FMS has also partnered with the Nuffield Centre for International Health and Development at the University of Leeds, United Kingdom, for the Master of Public Health (International) (MPHI) degree program. Scholarship grants from the Access and Competitiveness through Internationalization of Higher Education (ACT-IHE) were also given for the MPHI through CHED.


Under Maglinao’s leadership, the Doctor of Medicine program was given a perfect score in graduate employability, and high scores in completion, student satisfaction, and accreditation in the Quacquarelli Symonds (QS) world subject rankings and the QS Stars Specialist Criteria in June 2021.

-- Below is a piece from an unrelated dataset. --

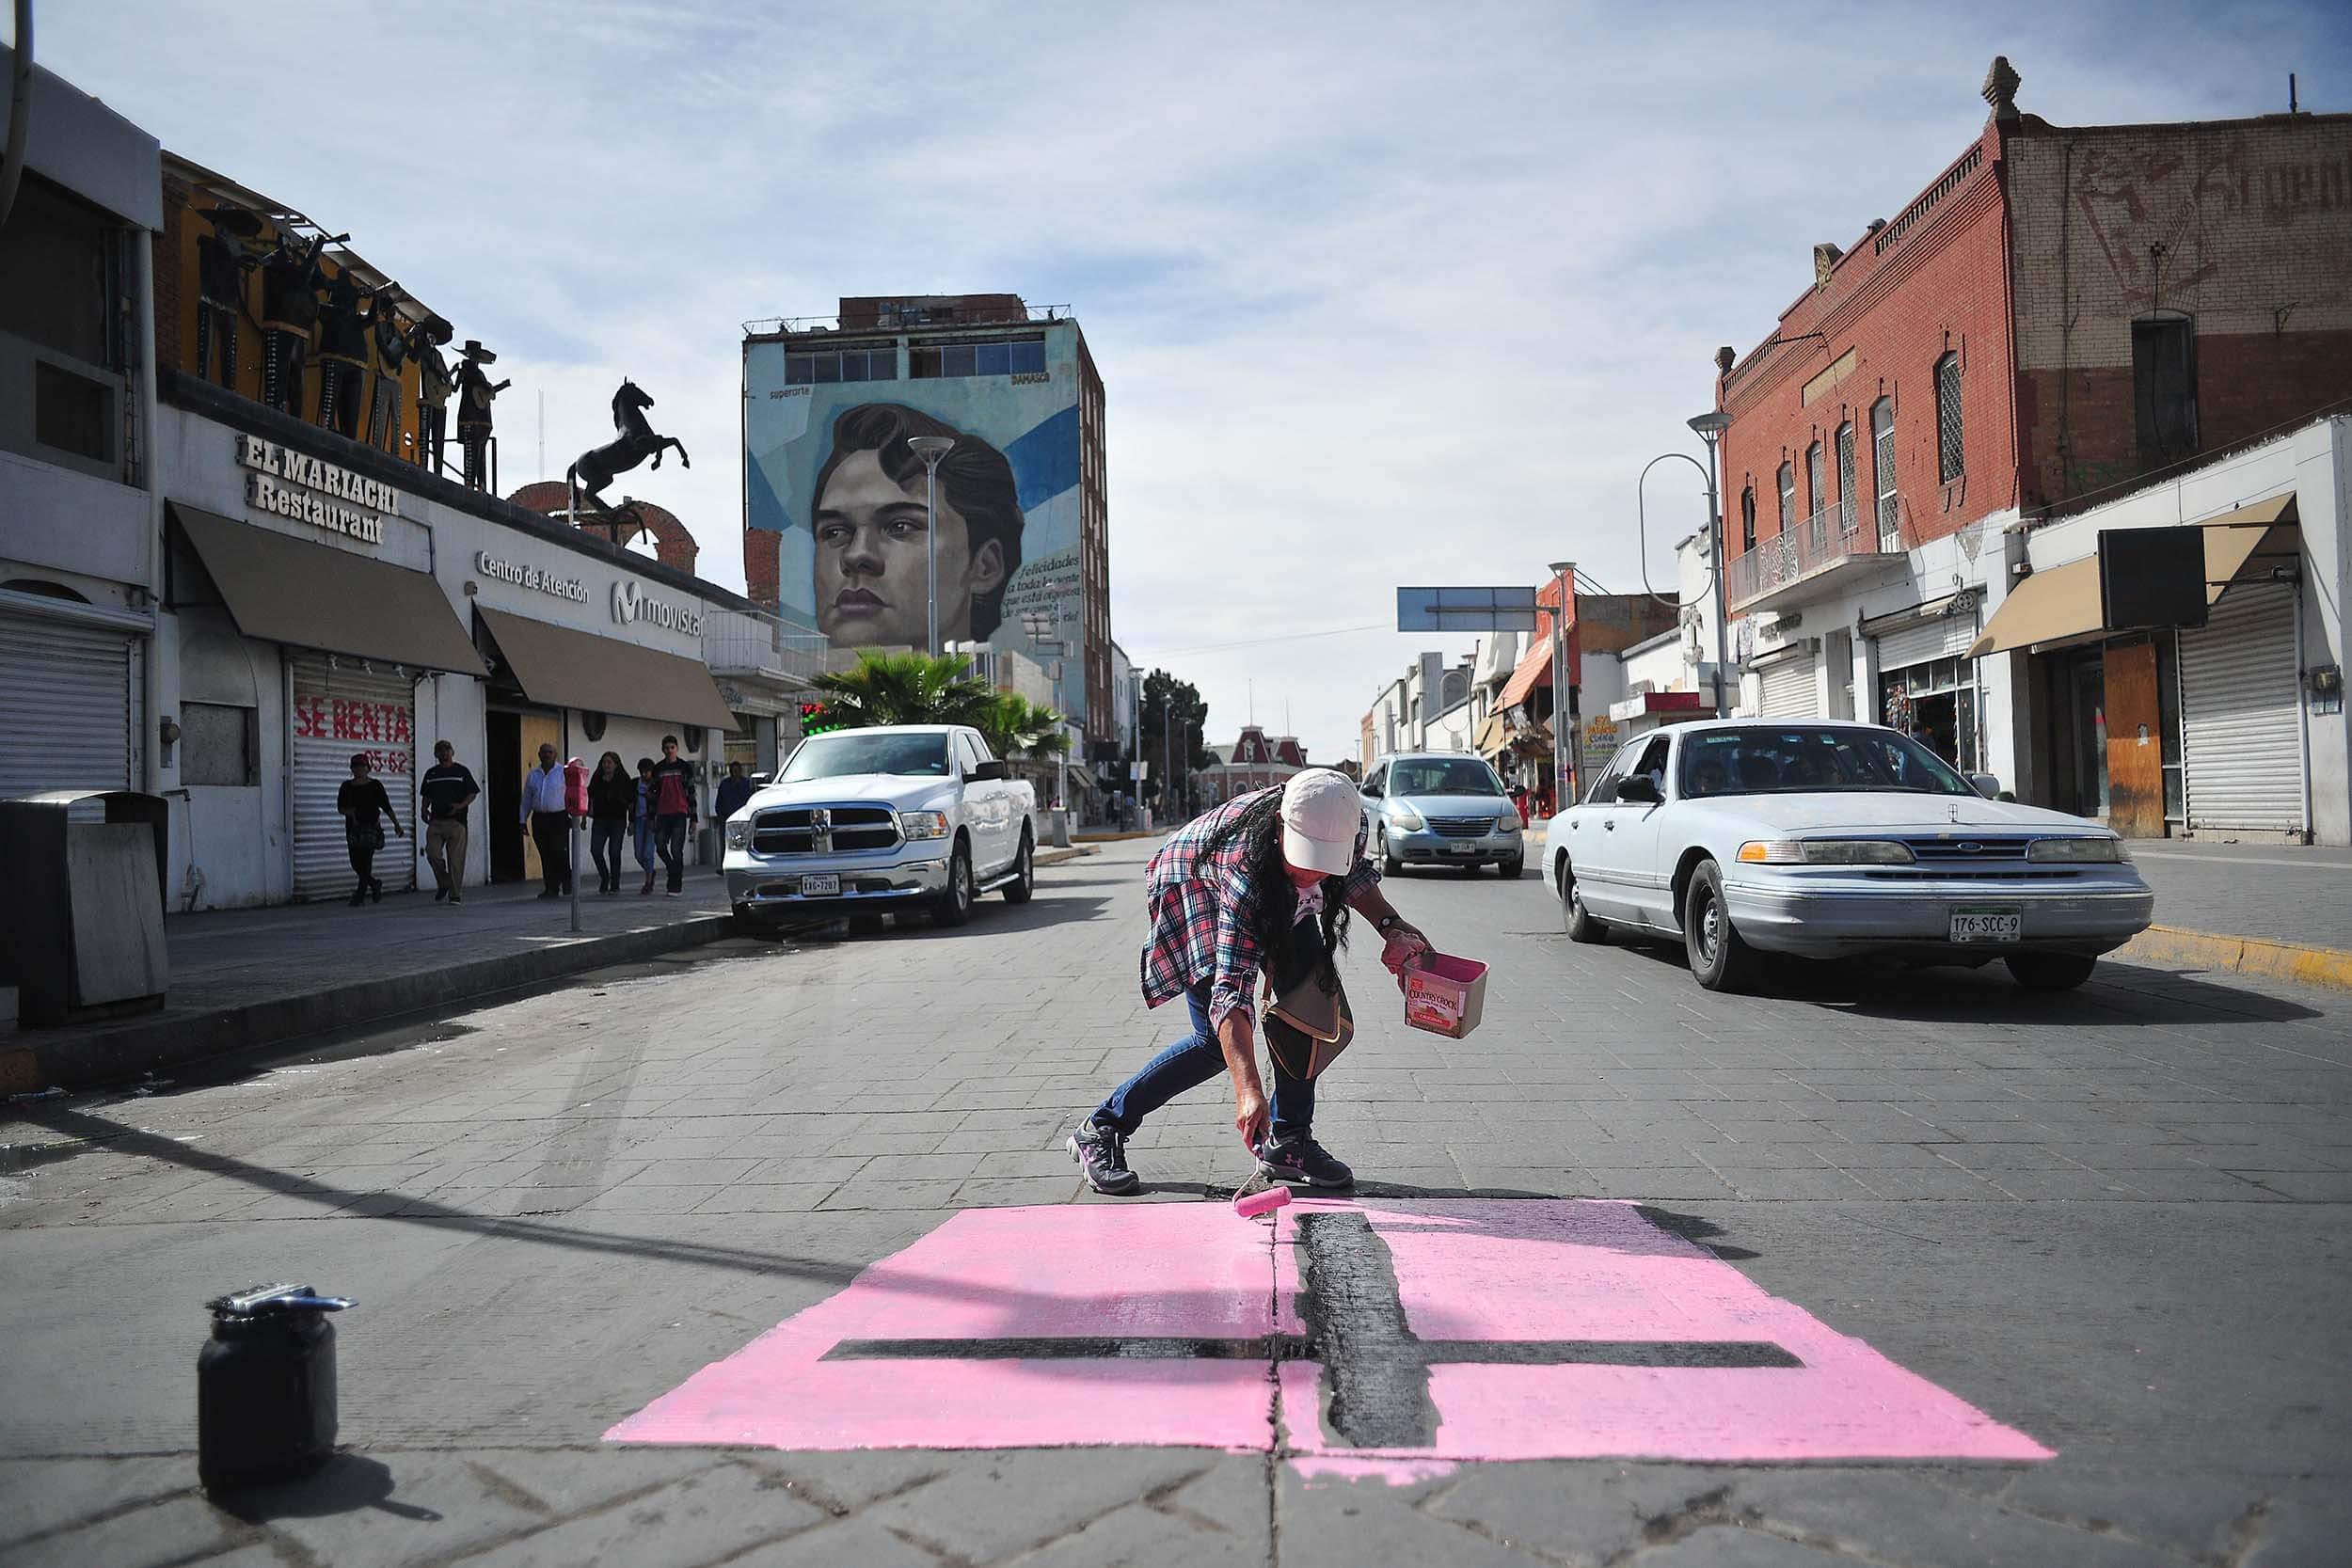 Una cruz negra sobre un cuadro rosa es pintada sobre la avenida Juárez, corredor turístico que une a Ciudad Juárez con El Paso, Tejas. En la zona dominan los bares, ahí operó por años el Noa Noa, un centro nocturno que inmortalizó el cantante Juan Gabriel. Foto: Rey R. Jáuregui

“The Faculty of Medicine and Surgery remains unstoppable and will continue to be the epitome of excellence in medical education. The COVID-19 pandemic threatened to topple us in many ways, but with our indomitable spirit, we prevail,” said the Dean.


Maglinao, an accelerated graduate of the Bachelor of Science in Biology degree program at the UST College of Science, obtained her Doctor of Medicine degree from UST, her post-graduate internship and residency training at the UST Hospital. She took her post-residency in stereotactic radiosurgery at the Prince of Wales Hospital in Sydney, Australia and post-residency in minimally invasive neurosurgery at the Singapore General Hospital. Concurrently, she is the Chief of the Neurosurgery Section of both FMS and USTH.